In my world, I have relatively robust humanoids as the focal human sub-species, and a number of other human subspecies that are more gracile in build. I wanted to work out roughly how much they would realistically weigh given their builds and heights.

In my research, I've used prehistoric humans as baselines. Neanderthals were shorter, but more robust than equivalent Sapiens. Homo floresiensis added in as an additional data point. These are the figures:

  • Neanderthal average: 164cm tall (5'5"), 77kg
  • Upper paleolithic Sapiens avg.: 179cm tall (5'9"), 67kg
  • Late upper paleolithic Sapiens avg.: 166cm tall (5'4"), 62kg
  • Floresiensis est.: 109cm tall (3'7"), 25kg

This works out to Neanderthals having 0.49kg/cm, Sapiens having 0.37kg/cm for both, and H. Floresiensis 0.23kg/cm. However, square-cube law being what it is, scaling these up to make, say, a 6-foot Neanderthal gives a weight of 89kg which is not too far from the expected weight for a real-life gracile Sapiens according to BMI calculators. Not very realistic.

Perhaps it's just been too long since I took a maths class, but I can't work out what sort of formula to use to be able to plug height and a 'robustness ratio' into to be able to get a realistic weight for scaling humanoids up and down.

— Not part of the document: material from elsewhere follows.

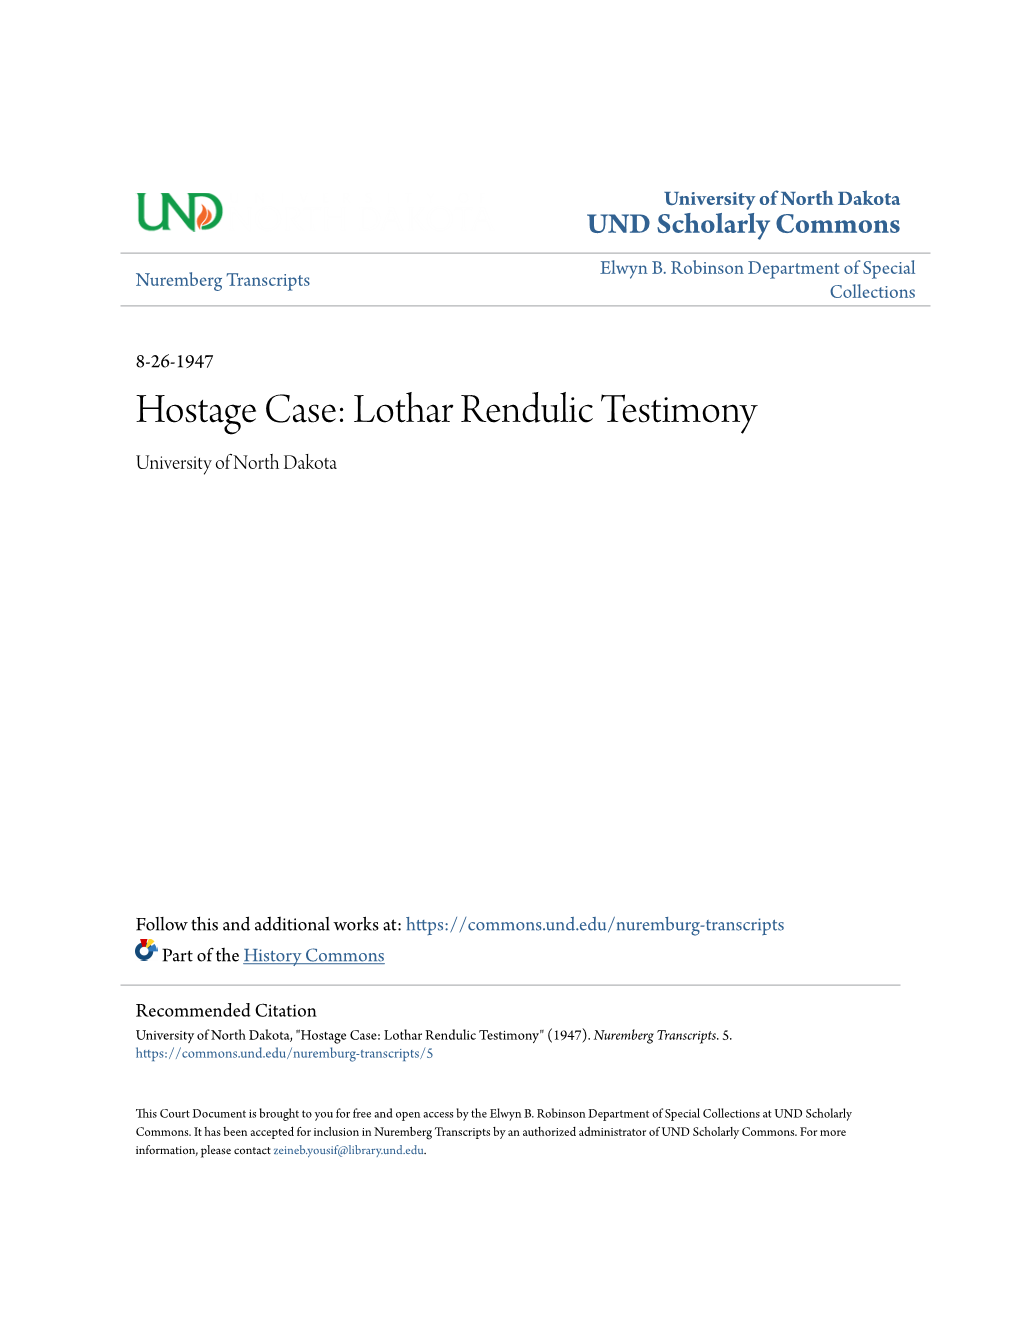 Lothar Rendulic Testimony University of North Dakota

Criteria for a strong answer

Ideally, any calculation would be viable for calculating a realistic weight for anything from goblins up to giants. Another option for a successful answer would be a BMI chart that is scaled far enough to encompass goblins or giants.

A stellar answer would propose a method of calculation, and provide an example of it in practice that matches the figures for prehistoric humanoids above.

Edit: Played around a bit with the NHS BMI calculator.

Seems to be that Neanderthals had an average BMI of 28.6, Sapiens 20.9/22.4 respectively, and Floresiensis 21. Playing around with the calculator gave me a 6' Neanderthal as weighing 95kg with the same BMI, whereas a 6' late upper paleolithic human would weigh 75kg.

I believe this is relatively realistic for humanoids that do not differ too greatly in size to require physiological adaptations to large weight. However, it doesn't let you plug number in for 3m tall people so doesn't quite cut it. Could be useful for checking answers though.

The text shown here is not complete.